After stopping the AB load tester, the last entry shows a reduction to 1 replica suggesting a decrease in CPU load, indicating the HPA’s ongoing responsiveness to workload fluctuations.
Using VPA to Autoscale Kubernetes Containers
In our next guide, we will learn how to install and use VPA to control resource usage by Kubernetes cluster.
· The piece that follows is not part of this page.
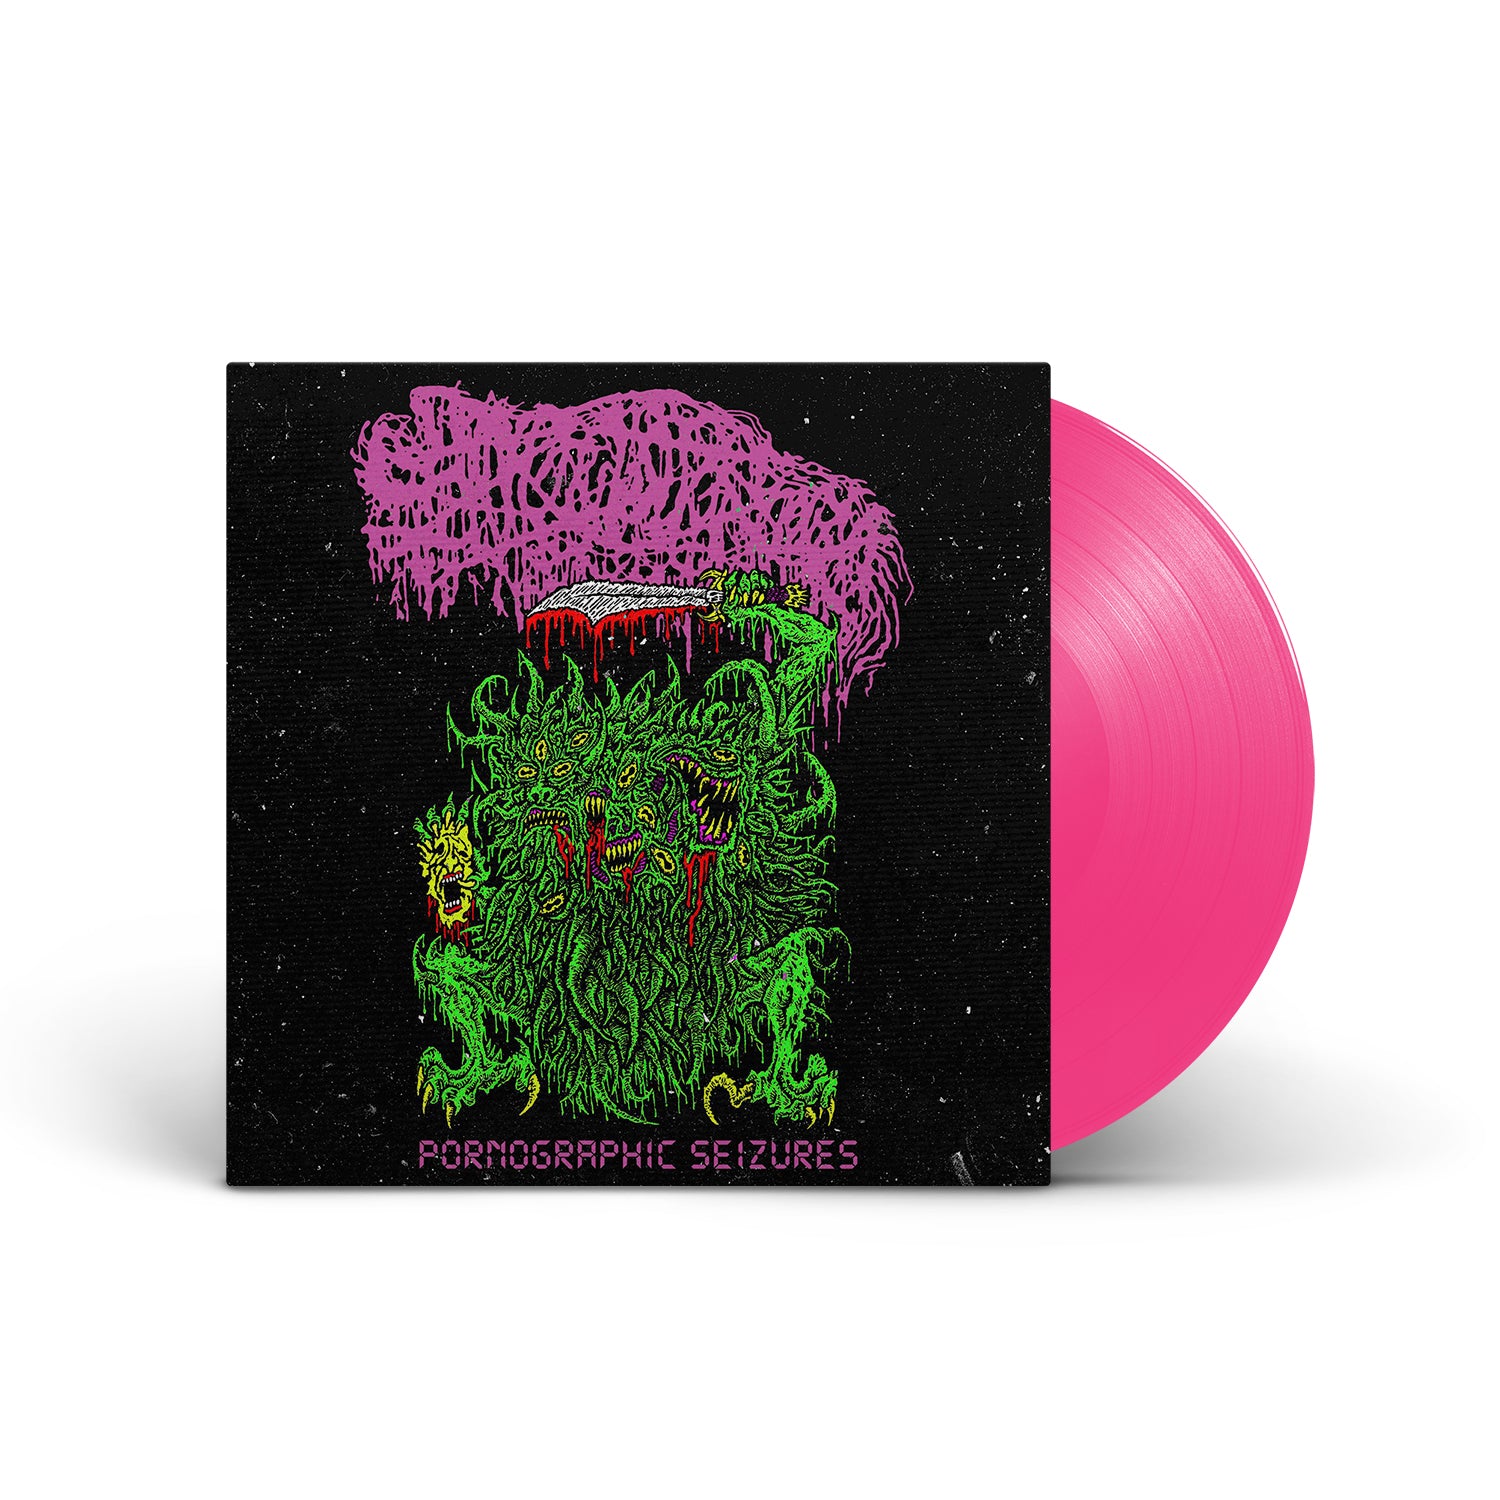 SANGUISUGABOGG - Pornographic Seizures - EP (Re-issue 2021) - Hot Pink LP

Kubernetes Resource Optimization with Vertical Pod Autoscaler (VPA)
Conclusion
In this blog post, you have learnt the major types of autoscaling in Kubernetes, horizontal and vertical scaling along with the api resources that implements them, HPA and VPA. As you can see from the simulation done above, Kubernetes provides robust autoscaling capabilities through Horizontal Pod Autoscaler (HPA). HPA scales the number of pod replicas based on metrics like CPU utilization or custom metrics, ensuring applications can handle varying workloads efficiently.